As a metaphysician, I would insist that act is absolutely prior to potency, and that being does not arise from non-being. So any account of life's origins would have to cope with that. From my layman's understanding it appears that naturalistic Darwinism fails in this regard. But to say that doesn't automatically mean embracing ID as Torley presents it. It seems to me that one can admit as a point of metaphysics and theology that God is the creator and architect of the world without taking any stance whatsoever on the manner in which the first instances of certain kinds in the world came to be. God is the first cause of all that is, and in his Providence governs every event in the universe without exception; but does this mean that a given living cell was made by natural forces, like Mt Sinai, or by the immediate writing of the finger of God, like the tables of the commandments? Or neither? In any case it's not clear to me that a thing that, if it is to be at all, is a natural kind, like a tree and not like a jet, must be understood as having been (at least in its first instance) assembled, as Dr Torley says.

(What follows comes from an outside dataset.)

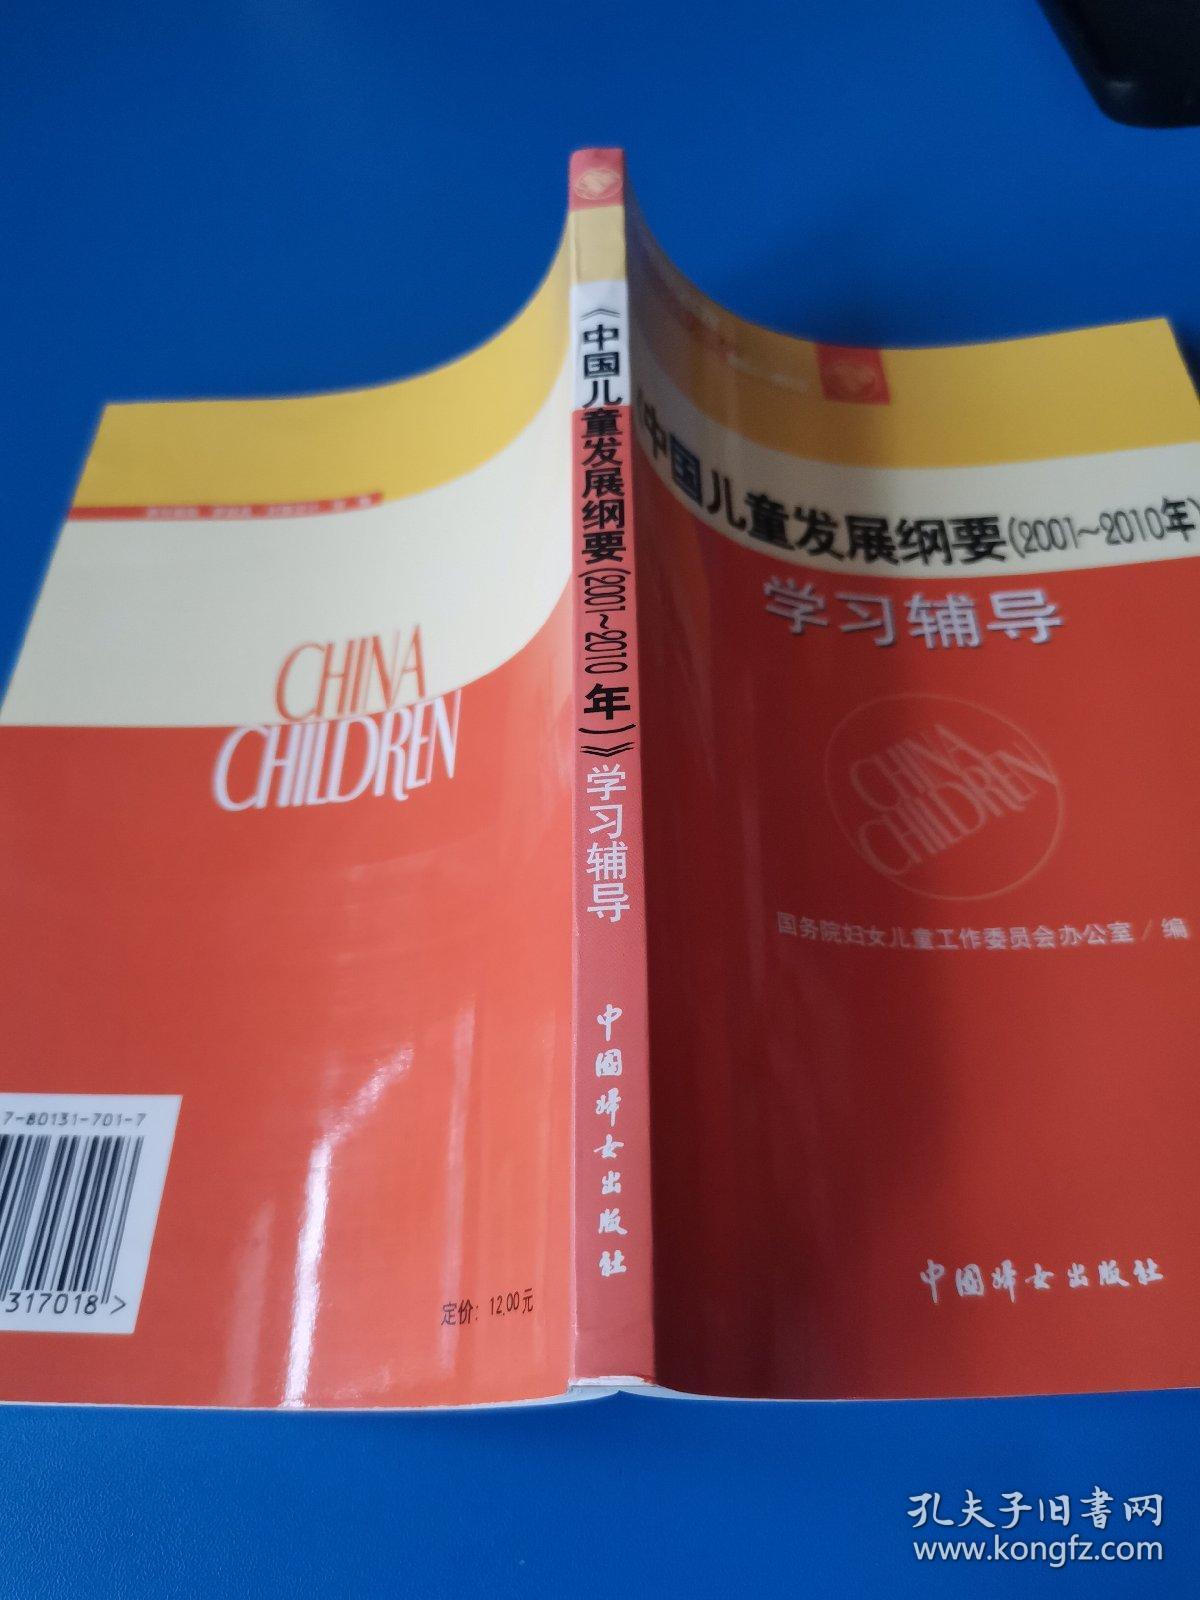 《中国儿童发展纲要(2001～2010年)》学习辅导

None of this is to say that I side with everything Dr Feser says in this debate. I do not admit, for instance, that when God makes something this is to be understood as God "conjoining an essence with an act of existence", since I have severe doubts about the real distinction and composition of essence and existence. Perhaps more germane to the subject at hand, I have a lot of sympathy for interlocutors like Lydia McGrew who object to the Thomistic account of generation, in which the new thing annihilates and replaces the substantial form of the old. It seems to me that there is a real case to be made here that the Thomistic doctrine of the unicity of substantial form is difficult to reconcile with many facts about the natural world; I would argue that a Scotistic plurality of substantial forms is much more consistent with both observation and common sense. That's a metaphysics debate for another day, however, and doesn't seem to have any bearing on the critiques presented either by Dr Feser or myself here.

Finally I want to emphasize once more that I am a novice to this debate and have been working out my thoughts in these posts for the first time. I've never read an ID book and can't claim to be conversant with the range of positions. This is a response to Dr Torley's recent post alone. My views on ID, evolution, etc., are subject to refinement and revision. Just today I was at the local used bookstore and picked up a copy of Mere Creation: Science Faith & Intelligent Design, a collection of essays on ID by various contributors and edited by William Dembski. So I may read it and have something more intelligent to say about the subject in the future. Or perhaps not!